Transformers are one of the crucial building blocks of modern day NLP. There has been much confusion on them, even though thousands of blog posts, animations exist. I finally clarified my understanding after a short 5 minute conversation!
So here is my brief, opinionated explanation of a transformer!
Transfomer:
- Is a parallelizable, and efficient way of performing neural language modelling
- Dispenses with RNNs; uses only attention
- Is non-autoregressive, and autoregressive
Because of those last two points, the architecture deals with inputs in a very special way!
Input: an entire sequence at once. Unlike an RNN, tokens are NOT fed one-by-one! For this reason, we do require a positional encoding!
Output: A single token. The transformer will look at the entire input sequence, as well as the previous words that it decoded/generated. This means that it is non-autoregressive in the input sequence; it can operate on the entire sequence at once. Hence why it requires an entire input sequence
Some notes: During training, it can be trained in a very rapid way. Since most models are generally trained using teacher forcing anyways, we actually do not care about what tokens the transformer previously generated. Hence, during training time, we are essentially just maximizing the probability of producing a specific token (the next one, at time step t) conditioned on the input sequence, and the groud truth decoded output sequence 0 to t-1 , which are provided. This is where the causal triangular masking comes into play; where we hide the output from next step of the transformer; this is so we can train quickly (in a batched fashion; without waiting for the transformer to decode itself). Note this is also why we have an output positional embedding! This is so the transformer is able to correctly make sense of the ordering of its tokens.
However, during testing/inference/generation, it must be trained in a slow, autoregressive fashion. This is because here, we do not have access to the ground truth tokens! In order to generate N tokens, we must run N forward passes (of the decoder; we can cache the model when run on the input sequence). This is similar to how a regular seq2seq model generates, as it moves the sliding window left to right. (kind of; depending on the architecture, a seq2seq can also ‘just’ require N passes of the decoder)
We have all the regular generation details when running the forward pass of the decoder: it is a function $d(xt, h{t-1})$, which takes in the previous token just generated, and the previous hidden state(s) and then generates the output probabilities for the next token. Then, we run some max or other discrete to get the actual token generated at that timestep, and then we feed it in to the decoder at the next time step (probably going through a positional encoding as well)

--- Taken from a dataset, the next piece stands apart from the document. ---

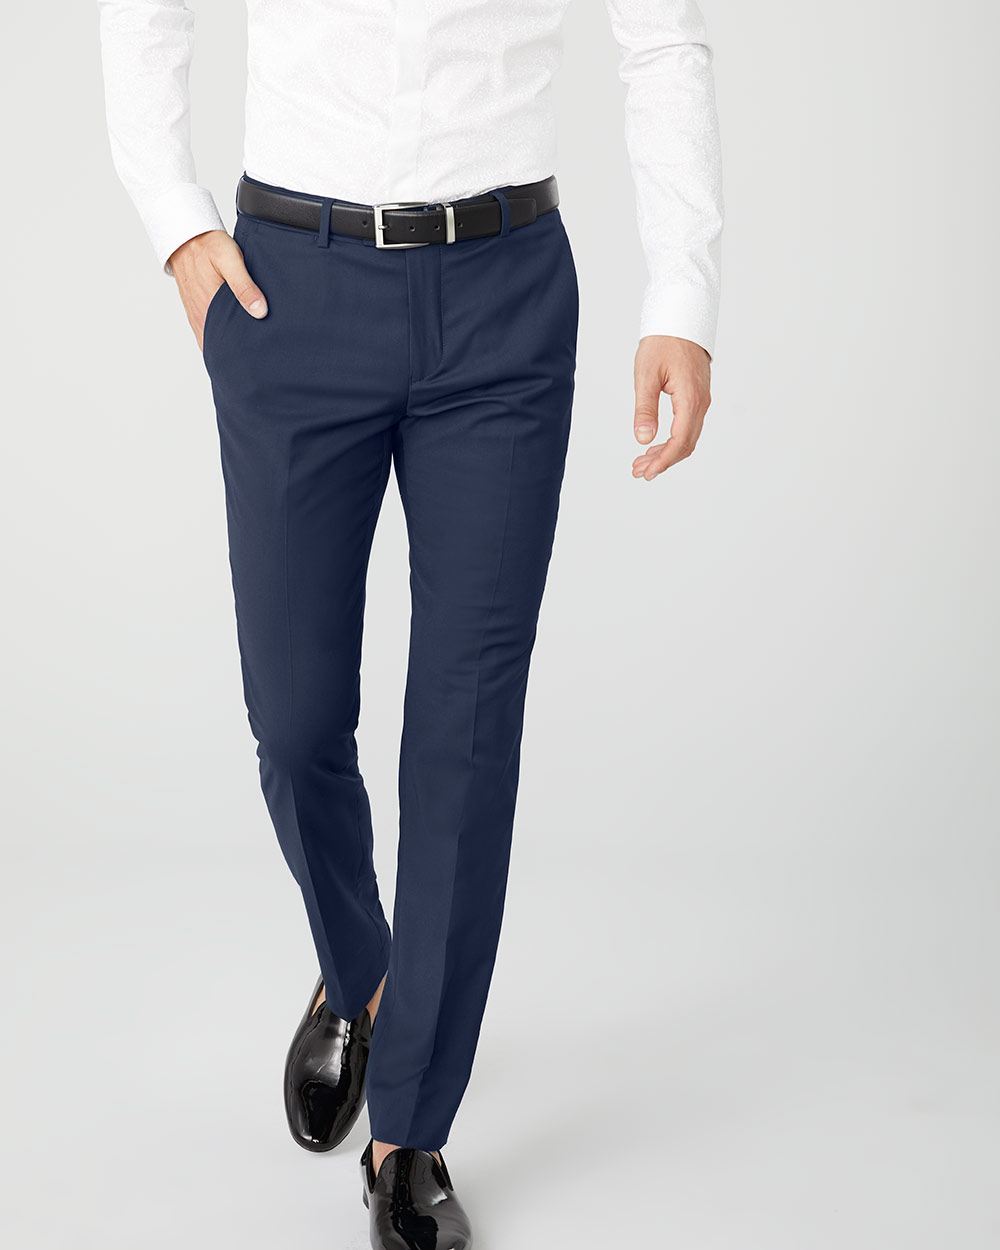 Slim fit navy blue suit pant | RW&CO.

Commentary: Humans do not necessarily read exactly left to right. There is evidence that we do some type of convolution/high level scan of the words, at a high level, and then we go into more detail/precision (character by character) when we need. This could be another research idea too! (Hierarchical NLP)

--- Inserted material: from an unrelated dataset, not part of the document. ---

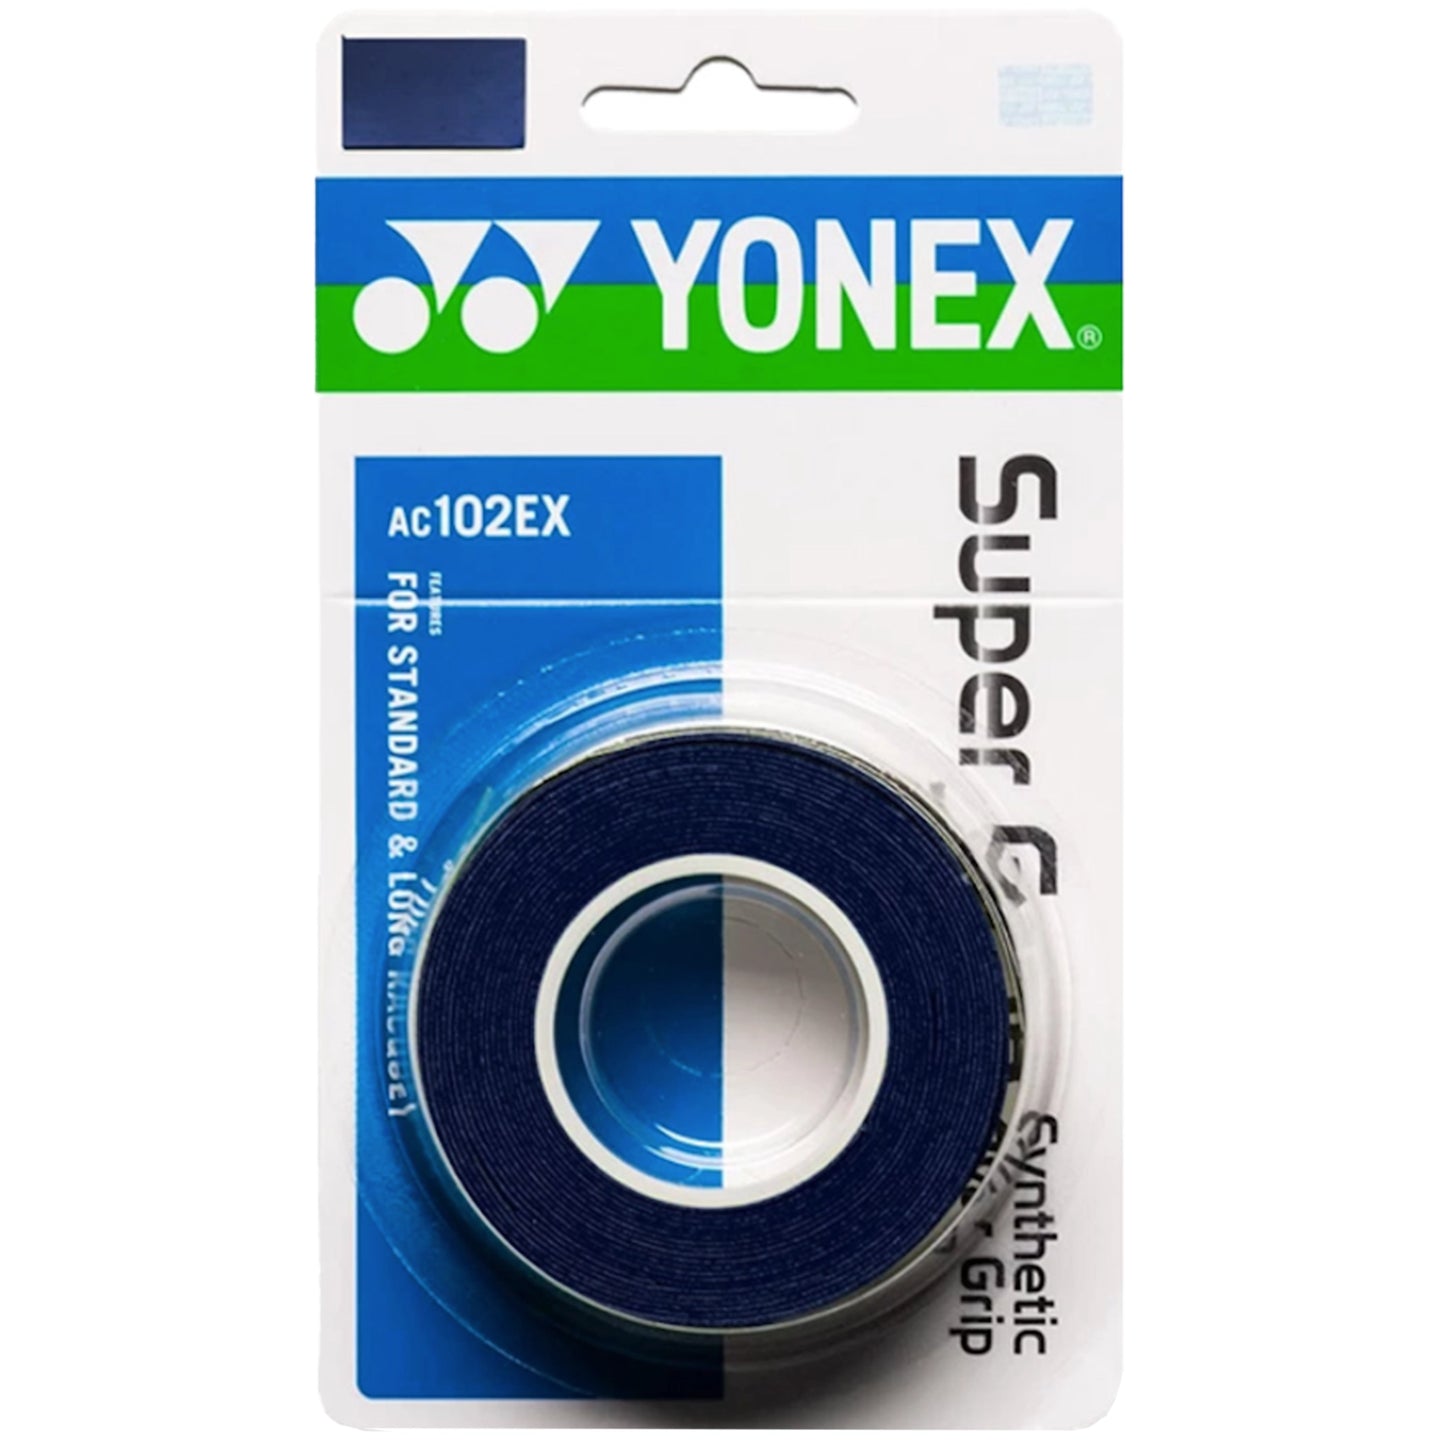 Yonex overgrip Wet Super Grap (3) Bleu profond

Deep fake text generation has the potential to change the world in the future. We can solve this problem, via occupying the gap!
Recall the steps to writing the proposal Overall, yesterday I learnt a lot of stuff! Went to the RL talk (on hierarchical reinforcement learning; where we have multiple agents each responsible for a single task; constrained state space, but shared action space), and then also went to the ARIA, where had great discussions with Pricing Optimization, Transformer, and the RL project.